Григорьев вздрогнул.
— Простите, Генрих. Вы что, умеете читать мысли?
— Нет. Просто на вашем месте я бы думал сейчас именно об этом. У вас ангельское терпение. Столик освободился, мы можем сесть.
Рейч заказал себе карпаччо, мясо гриль, большой зеленый салат.
— Не знаю, справлюсь ли. Но отказать себе не могу. Целый день ничего не ел.
Григорьев совсем не был голоден. Он хотел спать. Он заказал себе салат и карпаччо, лишь поддавшись уговорам Рейча. Официант ушел. Столик стоял на отшибе, и говорить можно было вполне спокойно, не привлекая внимания.

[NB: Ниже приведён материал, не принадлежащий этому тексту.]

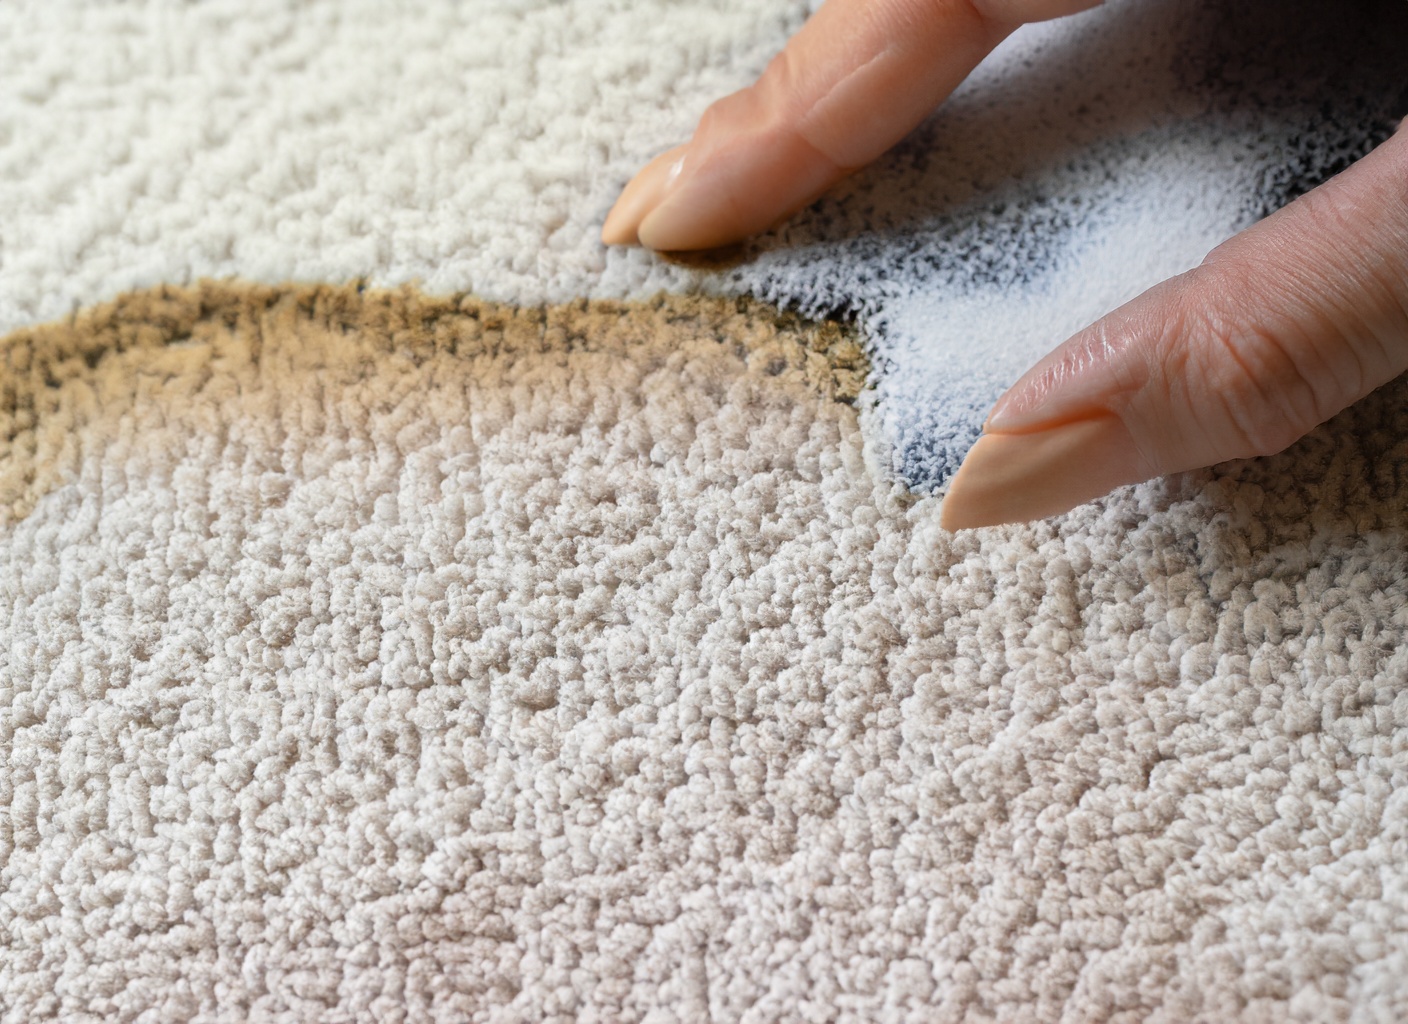 How to Get Oil Out of Carpet: Guide to Effective Stain Removal

— Теперь вам известно, откуда я взялся и почему меня зовут Генрих Рейч. Тридцать три года назад это сочетание весьма заинтересовало одного старого профессора американца. Мы встретились в Амстердаме, на открытии выставки скандального художника авангардиста. Он использовал в своих композициях обработанные особым способом части трупов. Сейчас этим уже никого не удивишь, но в те годы вызвало довольно бурную реакцию. Впрочем, не важно. После пресс-конференции ко мне подошел высокий прямой старик. Представился американцем, заговорил на отличном, немного старомодном немецком. Сказал, что приехал из Вашингтона, что зовут его Джон Медисен. Мы беседовали о современном искусстве. Я всегда любил поболтать, особенно с новыми людьми. Старик произвел на меня двоякое впечатление. С одной стороны, с ним было удивительно легко. Через несколько минут мне стало казаться, что мы знакомы давно, что он знает меня с детства. Но я не мог избавиться от тяжелого странного чувства. Этот Медисен был не совсем натуральный, какой-то неживой, словно собранный из отдельных частей. Он напоминал экспонат выставки, на которой мы встретились. Приглядевшись, я понял, что лицо его изменено пластической операцией. Знаете, чуть сильнее, чем нужно, натянута кожа, едва заметные шрамы, слишком скупая фальшивая мимика. Он заметил вскользь, что во время войны получил сильные ожоги и пришлось полностью восстанавливать лицо. Мы долго разговаривали, обменялись визитными карточками. На прощанье он пожал мне руку и назвал меня Гейни. Когда он произнес это имя, он вскинул подбородок, посмотрел на меня как бы издалека, щурясь, и его большой острый кадык быстро двинулся, вверх, вниз. Меня вспышкой пронзило воспоминание, очень далекое, детское.